We want to check if any column *uses* a volatile default value, but after
parsing and rewriting, that information appears to be lost about which column
values are defaults and which were specified.  insertedcols doesn't appear to
be useful for this.  So add a field to track if a TargetEntry is planned with
column default.
---
 src/backend/executor/nodeModifyTable.c | 64 ++++++++++++++++++++++++--
 src/backend/nodes/copyfuncs.c          |  1 +
 src/backend/nodes/equalfuncs.c         |  1 +
 src/backend/nodes/makefuncs.c          |  1 +
 src/backend/nodes/outfuncs.c           |  1 +
 src/backend/nodes/readfuncs.c          |  1 +
 src/backend/optimizer/util/tlist.c     |  1 +
 src/backend/rewrite/rewriteHandler.c   |  3 ++
 src/include/nodes/primnodes.h          |  2 +
 9 files changed, 71 insertions(+), 4 deletions(-)

diff --git a/src/backend/executor/nodeModifyTable.c b/src/backend/executor/nodeModifyTable.c
index 3428d9f48a..47a5271b91 100644
--- a/src/backend/executor/nodeModifyTable.c
+++ b/src/backend/executor/nodeModifyTable.c
@@ -50,6 +50,7 @@
 #include "foreign/fdwapi.h"
 #include "miscadmin.h"
 #include "nodes/nodeFuncs.h"
+#include "optimizer/optimizer.h"
 #include "rewrite/rewriteHandler.h"
 #include "storage/bufmgr.h"
 #include "storage/lmgr.h"
@@ -2258,6 +2259,61 @@ ExecModifyTable(PlanState *pstate)
 	return NULL;
 }
 
+/*
+ * Determine if a table has volatile column defaults which are used by a given
+ * planned statement (if the column is not specified or specified as DEFAULT).

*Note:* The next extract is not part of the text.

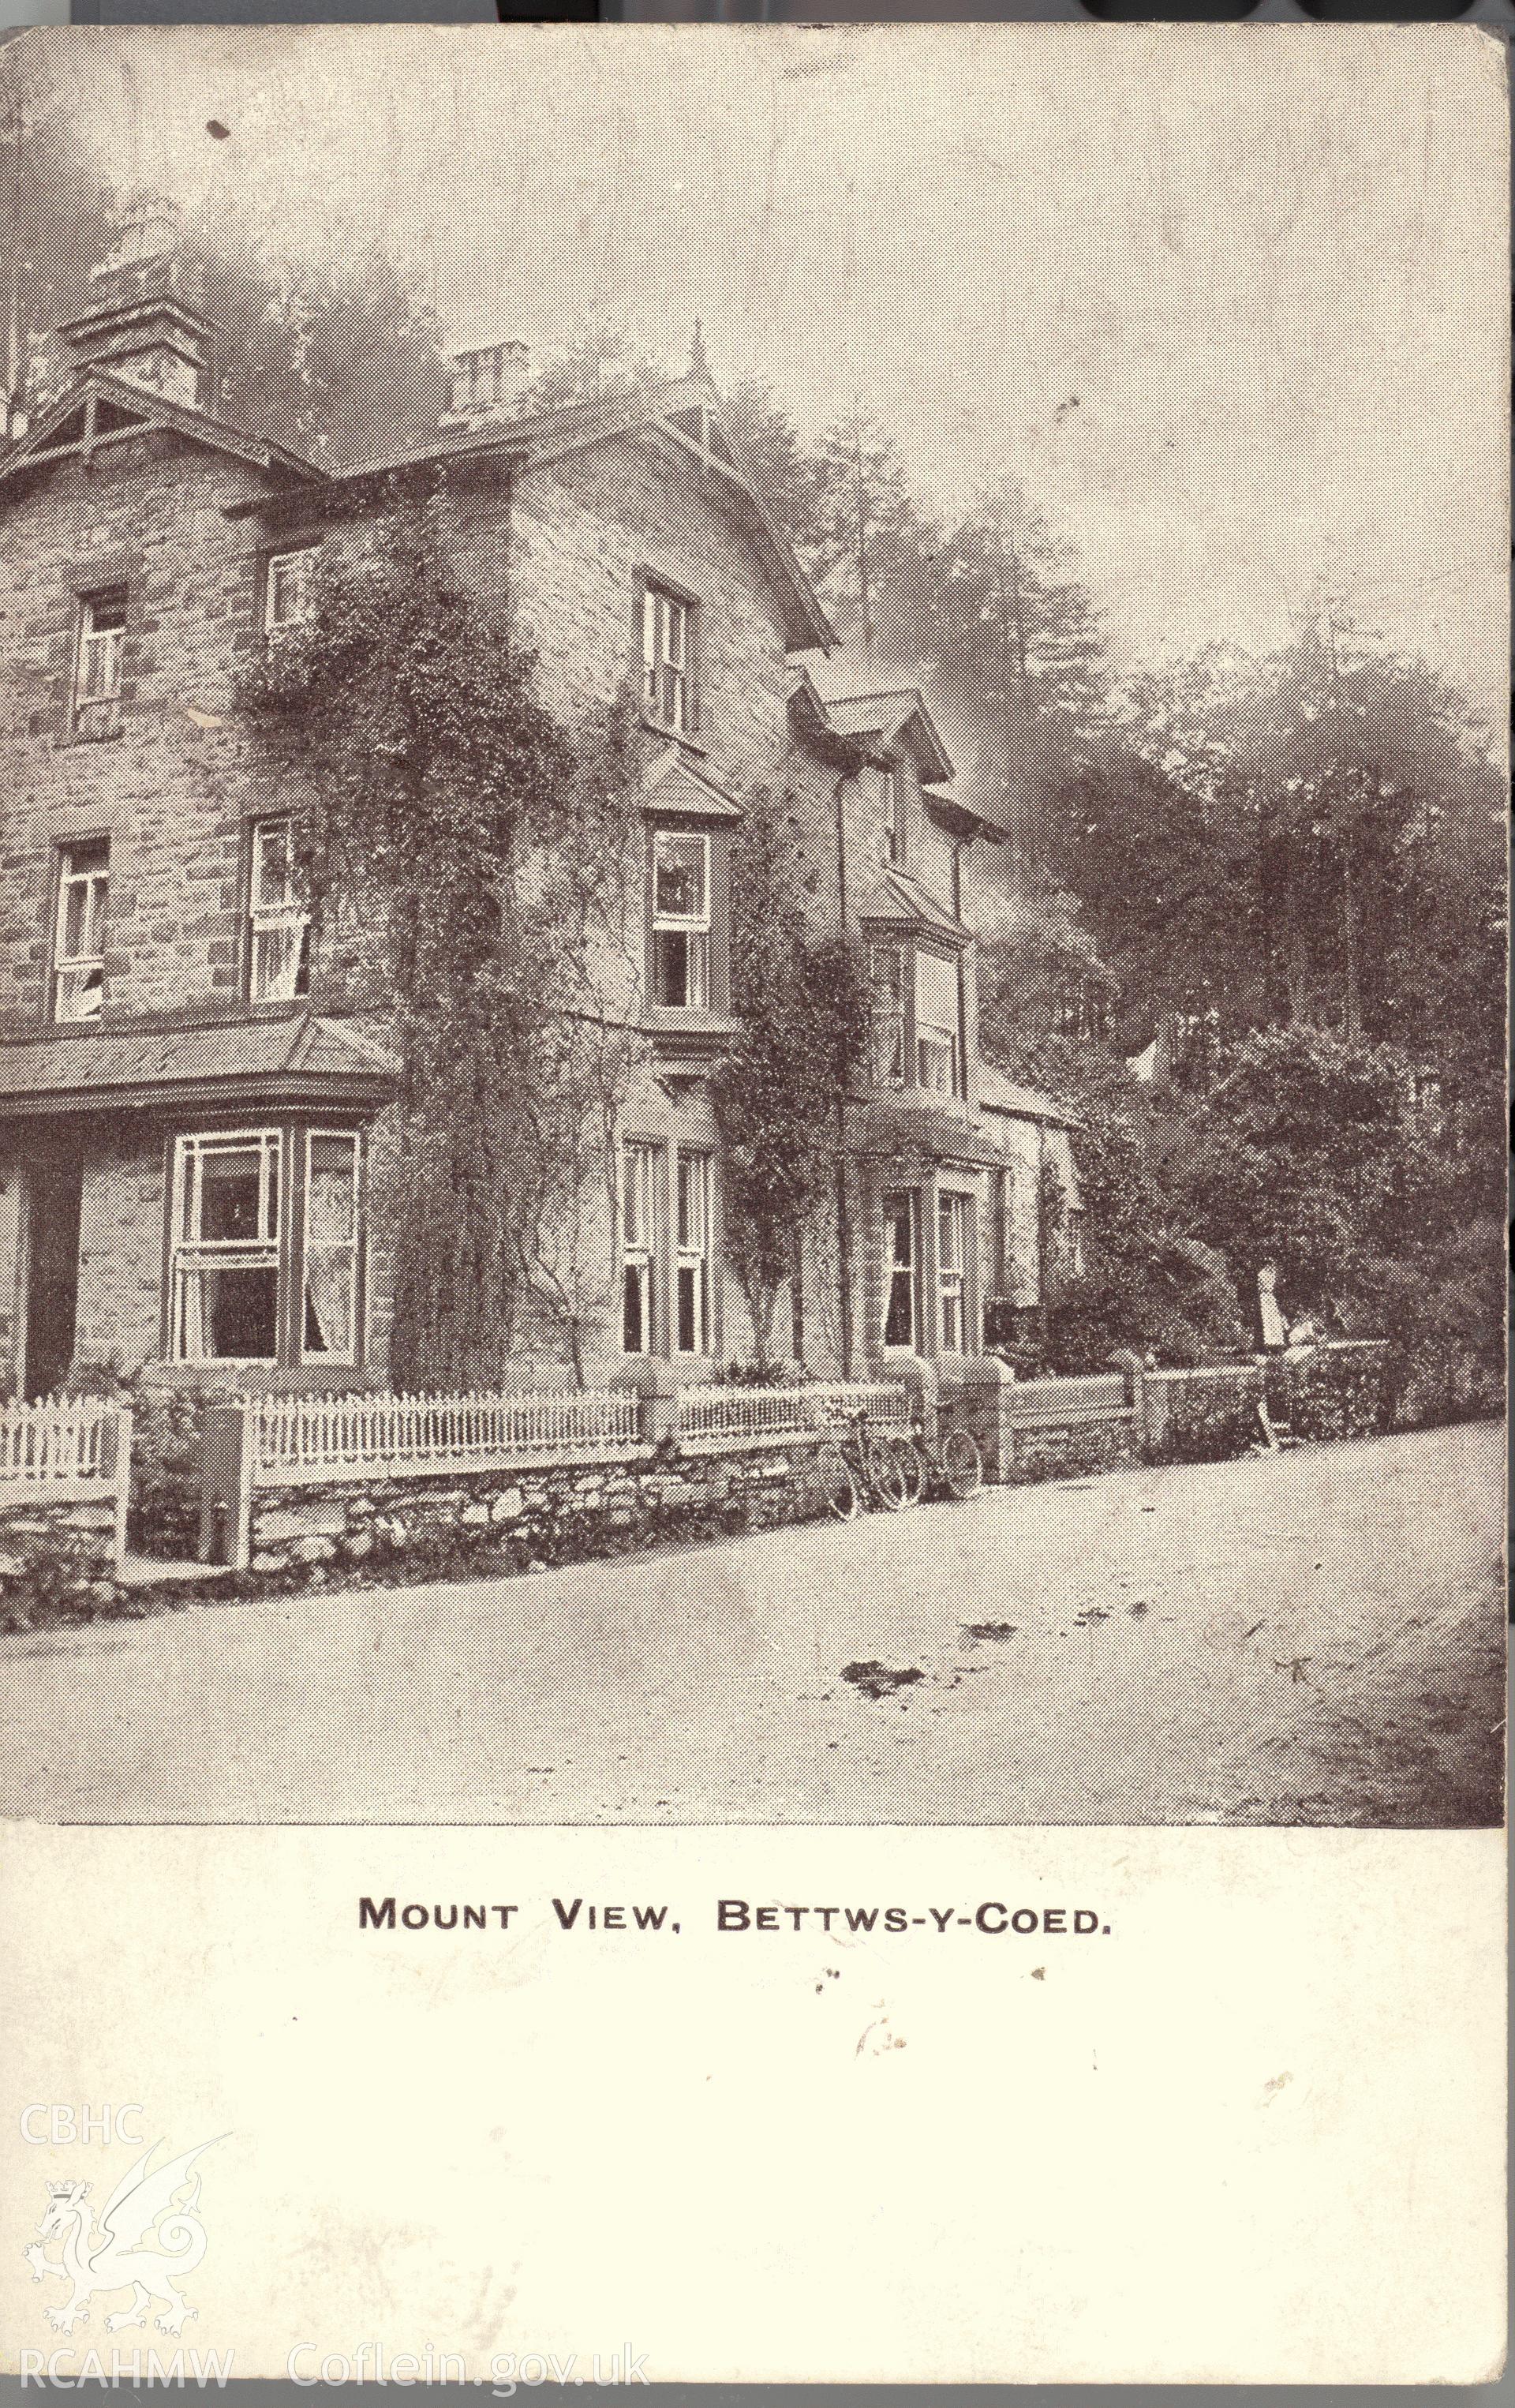 Digitised postcard image of Mount View, Betws-y-Coed. Produced by Parks and Gardens Data Services, from an original item in the Peter Davis Collection at Parks and Gardens UK. We hold only web-resolution images of this collection, suitable for viewing on screen and for research purposes only. We do not hold the original images, or publication quality scans.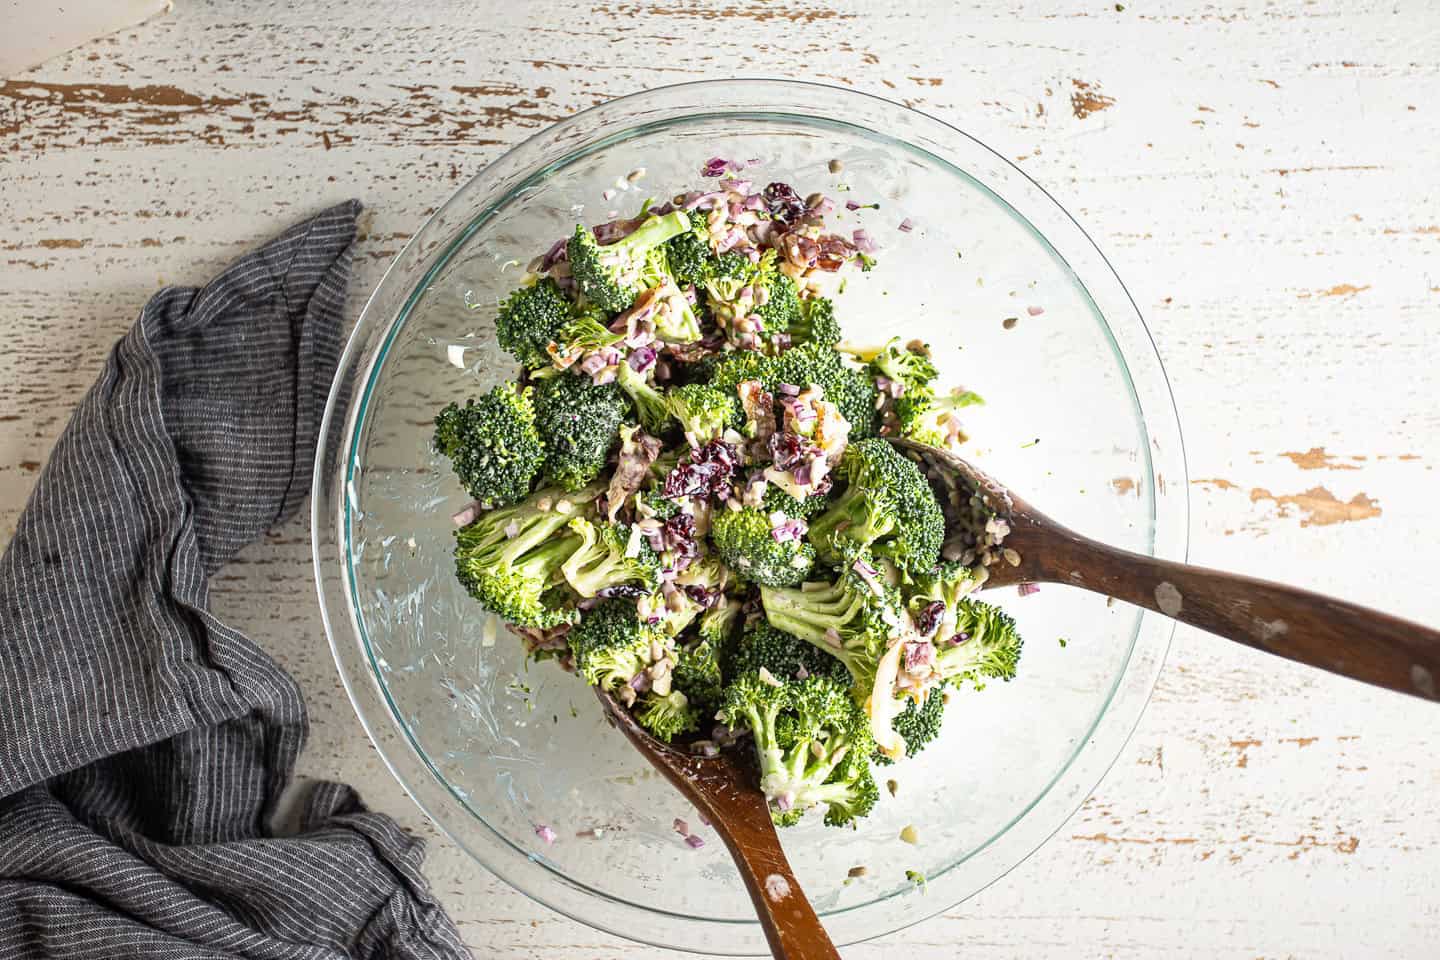 Tossing broccoli salad together to coat in dressing.

+ * This works only for INSERT.
+ */
+static bool
+has_volatile_defaults(ResultRelInfo *resultRelInfo, ModifyTable *node)
+{
+	TupleDesc	tupDesc = RelationGetDescr(resultRelInfo->ri_RelationDesc);
+	Plan		*plan;
+
+	Assert(list_length(node->plans) == 1);
+	plan = linitial(node->plans);
+
+	for (int attnum = 1; attnum <= tupDesc->natts; attnum++)
+	{
+		Form_pg_attribute att = TupleDescAttr(tupDesc, attnum - 1);
+		Expr		*defexpr;
+		TargetEntry	*tle;
+
+		/* We don't need to check dropped/generated attributes */
+		if (att->attisdropped || att->attgenerated)
+			continue;
+
+		tle = list_nth(plan->targetlist, attnum - 1);
+		Assert(tle != NULL);
+		Assert(tle->resno == attnum);
+
+		/*
+		 * If the column was specified with a non-default value, then don't
+		 * check the volatility of its default
+		 */
+		if (!tle->isdefault)
+			continue;
+
+		/* Check the column's default value if one exists */
+		defexpr = (Expr *) build_column_default(resultRelInfo->ri_RelationDesc, attnum);
+		if (defexpr == NULL)
+			continue;
+
+		/* Run the expression through planner */
+		// defexpr = expression_planner(defexpr);
+		// (void) ExecInitExpr(defexpr, NULL);
+		expression_planner(defexpr);
+
+		if (contain_volatile_functions_not_nextval((Node *) defexpr))
+		{
+			elog(DEBUG1, "found volatile att %d", attnum);
+			return true;
+		}
+	}
+
+	return false;
+}
+
 /* ----------------------------------------------------------------
  *		ExecInitModifyTable
  * ----------------------------------------------------------------
@@ -2352,10 +2408,10 @@ ExecInitModifyTable(ModifyTable *node, EState *estate, int eflags)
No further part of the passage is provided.